This notebook is calling [StarCoder2-3b-NEAR](https://huggingface.co/bigcode/starcoder2-3b) from the huggingface platform, a code LLM pre-trained on a code dataset called [The Stack v2 smol](https://huggingface.co/datasets/bigcode/the-stack-v2-train-smol-ids) that includes 17 programming languages (C, C#, C++, Go, Java, JavaScript, Kotlin, Lua, PHP, Python, R, Ruby, Rust, SQL, Shell, Swift, TypeScript) and incorporates 7 code documentation languages (including HTML), and further trained in a continued pre-training process on the NEAR Protocol blockchain from the [preTrainingNEAR](https://huggingface.co/datasets/jcarbonnell/preTrainingNEAR) dataset.

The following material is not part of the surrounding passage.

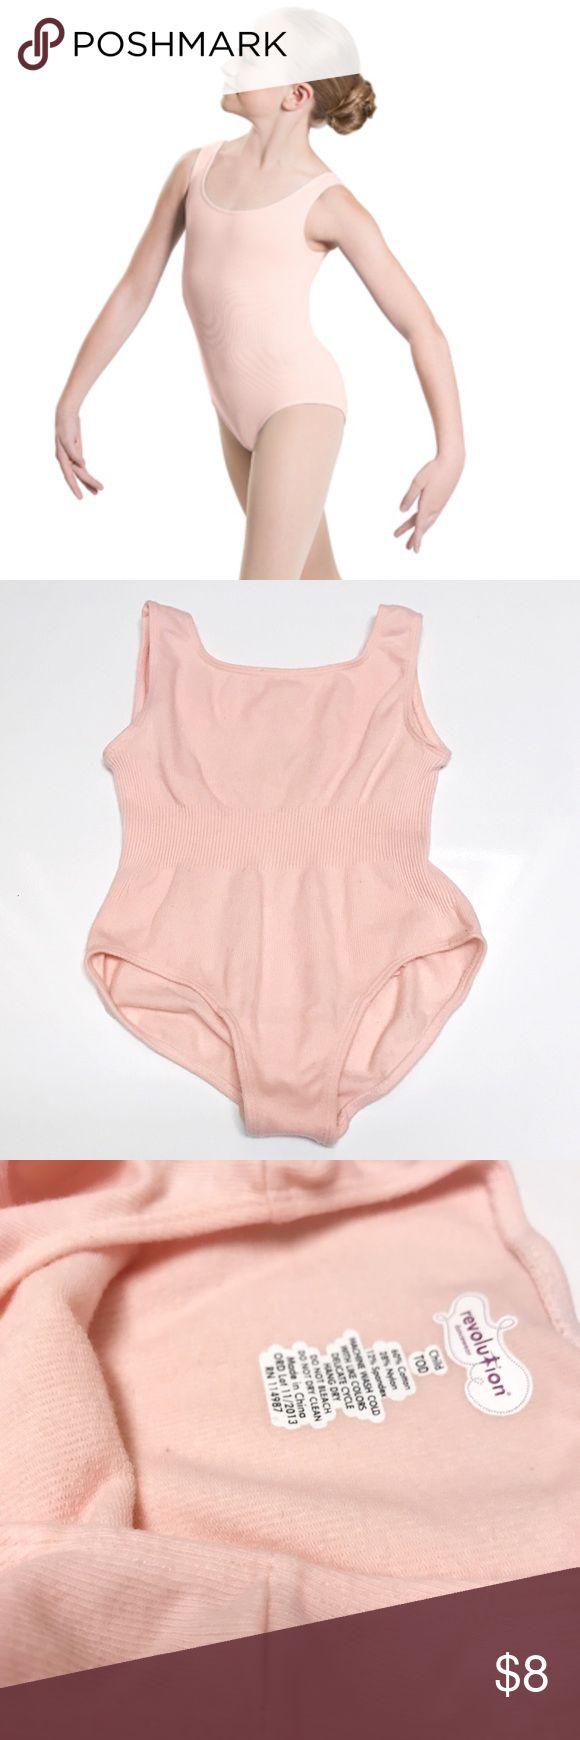 Pink Leotard Toddler Revolution Dance Toddler Leotard (XS) in Pink.  Worn and washed once. Revolution Dancewear One Pieces Bodysuits

The Structure-Aware fine-tuning step consists in instructing the model with NEAR dApps trees and their corresponding description in natural language extracted from readme files transformed into user prompts. This structure-aware approach aim to give the pre-trained model a good knowledge of the whole dApp logic, and a corresponding user prompt, so that when a user will ask the model to create an app on the NEAR Protocol blockchain, the LLM will answer with a proposition of an app tree augmented with a extensive description of the functionality of each tree branches. 

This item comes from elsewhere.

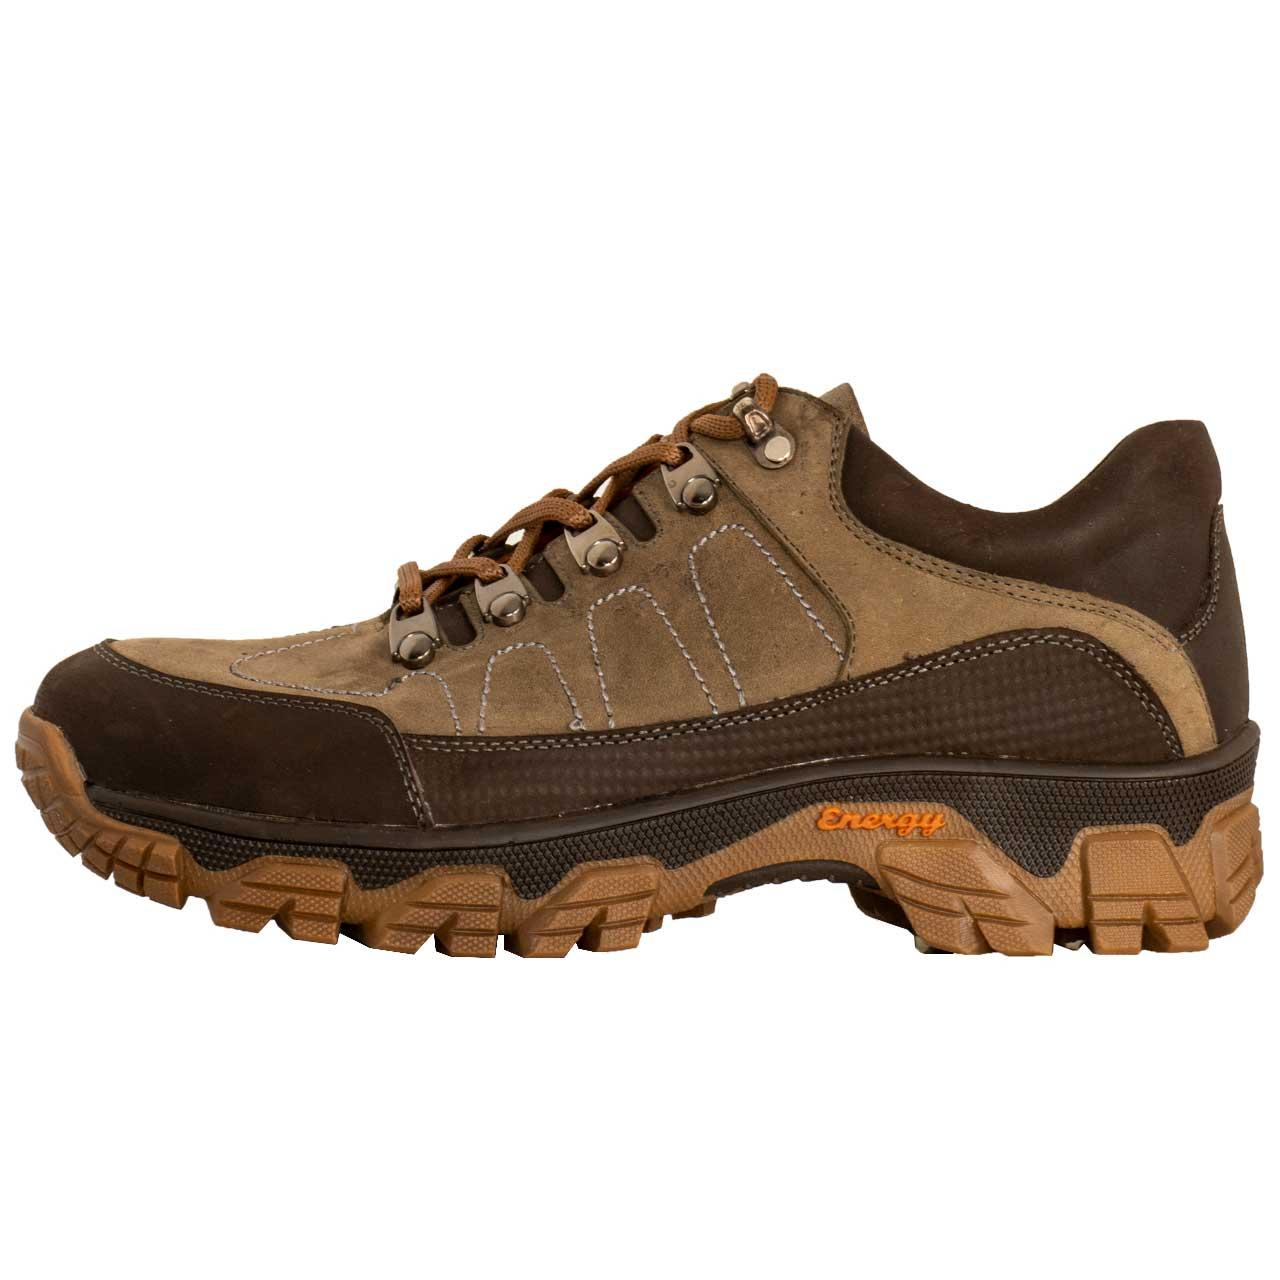 PARINECHARM leather men's hiking boots ,SHO221-8  Model

What we are targetting here is to overpass the limitation of the 'next-token prediction' logic, that can spin the model in 'dumb loops' while iterating over coding complex code completion. It will also be of great support for code understanding on both the user side and the model side, since the model and the user will be aware of the big picture at first. 

More details on the model original StarCoder2 is available in the official paper [StarCoder 2 and The Stack v2: The Next Generation](https://arxiv.org/abs/2402.19173) (2024).

In [54]:
import os
import pandas as pd
from datasets import Dataset, DatasetDict

In [55]:
# Load the dataset from Hugging Face
dataset = load_dataset('jcarbonnell/structTuningNEAR')

# Verify the loaded dataset
print(dataset)

# Print the first example from the training dataset
print(dataset['train'][0])  # Print the first example from the train dataset
print(dataset['val'][0])  # Print the first example from the validation dataset

NameError: name 'load_dataset' is not defined

In [33]:
# Initialize the tokenizer and the model
model_name = "bigcode/starcoder2-3b"

tokenizer = AutoTokenizer.from_pretrained(model_name)
model = AutoModelForCausalLM.from_pretrained(model_name)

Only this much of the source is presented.